## Brief
Once you have read the listing, print all of it word for word.
═══ Source data ═══
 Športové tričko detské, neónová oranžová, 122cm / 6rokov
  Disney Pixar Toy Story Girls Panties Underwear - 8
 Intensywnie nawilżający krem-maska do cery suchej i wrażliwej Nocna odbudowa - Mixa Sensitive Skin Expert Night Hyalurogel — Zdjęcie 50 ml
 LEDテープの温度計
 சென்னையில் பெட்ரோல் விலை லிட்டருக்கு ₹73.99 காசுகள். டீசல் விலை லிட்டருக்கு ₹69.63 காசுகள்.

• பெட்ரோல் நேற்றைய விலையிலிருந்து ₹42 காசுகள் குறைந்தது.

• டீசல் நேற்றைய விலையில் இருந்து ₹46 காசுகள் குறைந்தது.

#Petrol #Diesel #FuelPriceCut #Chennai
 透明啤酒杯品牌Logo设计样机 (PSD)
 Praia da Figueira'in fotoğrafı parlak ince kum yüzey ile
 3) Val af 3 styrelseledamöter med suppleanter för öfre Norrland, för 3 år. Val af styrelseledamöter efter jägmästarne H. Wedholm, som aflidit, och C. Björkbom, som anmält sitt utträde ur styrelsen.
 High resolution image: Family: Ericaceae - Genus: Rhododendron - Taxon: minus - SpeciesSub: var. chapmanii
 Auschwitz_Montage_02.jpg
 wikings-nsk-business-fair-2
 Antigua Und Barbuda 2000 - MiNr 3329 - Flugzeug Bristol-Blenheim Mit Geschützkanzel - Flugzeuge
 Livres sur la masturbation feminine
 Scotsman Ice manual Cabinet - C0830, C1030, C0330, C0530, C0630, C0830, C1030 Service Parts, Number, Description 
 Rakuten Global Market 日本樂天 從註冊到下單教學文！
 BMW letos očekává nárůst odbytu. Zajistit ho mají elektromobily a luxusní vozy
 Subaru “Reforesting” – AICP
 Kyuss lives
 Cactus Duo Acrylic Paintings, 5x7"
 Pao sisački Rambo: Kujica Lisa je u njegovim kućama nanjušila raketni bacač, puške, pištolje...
═══
## Response to the task
 Športové tričko detské, neónová oranžová, 122cm / 6rokov
  Disney Pixar Toy Story Girls Panties Underwear - 8
 Intensywnie nawilżający krem-maska do cery suchej i wrażliwej Nocna odbudowa - Mixa Sensitive Skin Expert Night Hyalurogel — Zdjęcie 50 ml
 LEDテープの温度計
 சென்னையில் பெட்ரோல் விலை லிட்டருக்கு ₹73.99 காசுகள். டீசல் விலை லிட்டருக்கு ₹69.63 காசுகள்.

• பெட்ரோல் நேற்றைய விலையிலிருந்து ₹42 காசுகள் குறைந்தது.

• டீசல் நேற்றைய விலையில் இருந்து ₹46 காசுகள் குறைந்தது.

#Petrol #Diesel #FuelPriceCut #Chennai
 透明啤酒杯品牌Logo设计样机 (PSD)
 Praia da Figueira'in fotoğrafı parlak ince kum yüzey ile
 3) Val af 3 styrelseledamöter med suppleanter för öfre Norrland, för 3 år. Val af styrelseledamöter efter jägmästarne H. Wedholm, som aflidit, och C. Björkbom, som anmält sitt utträde ur styrelsen.
 High resolution image: Family: Ericaceae - Genus: Rhododendron - Taxon: minus - SpeciesSub: var. chapmanii
 Auschwitz_Montage_02.jpg
 wikings-nsk-business-fair-2
 Antigua Und Barbuda 2000 - MiNr 3329 - Flugzeug Bristol-Blenheim Mit Geschützkanzel - Flugzeuge
 Livres sur la masturbation feminine
 Scotsman Ice manual Cabinet - C0830, C1030, C0330, C0530, C0630, C0830, C1030 Service Parts, Number, Description 
 Rakuten Global Market 日本樂天 從註冊到下單教學文！
 BMW letos očekává nárůst odbytu. Zajistit ho mají elektromobily a luxusní vozy
 Subaru “Reforesting” – AICP
 Kyuss lives
 Cactus Duo Acrylic Paintings, 5x7"
 Pao sisački Rambo: Kujica Lisa je u njegovim kućama nanjušila raketni bacač, puške, pištolje...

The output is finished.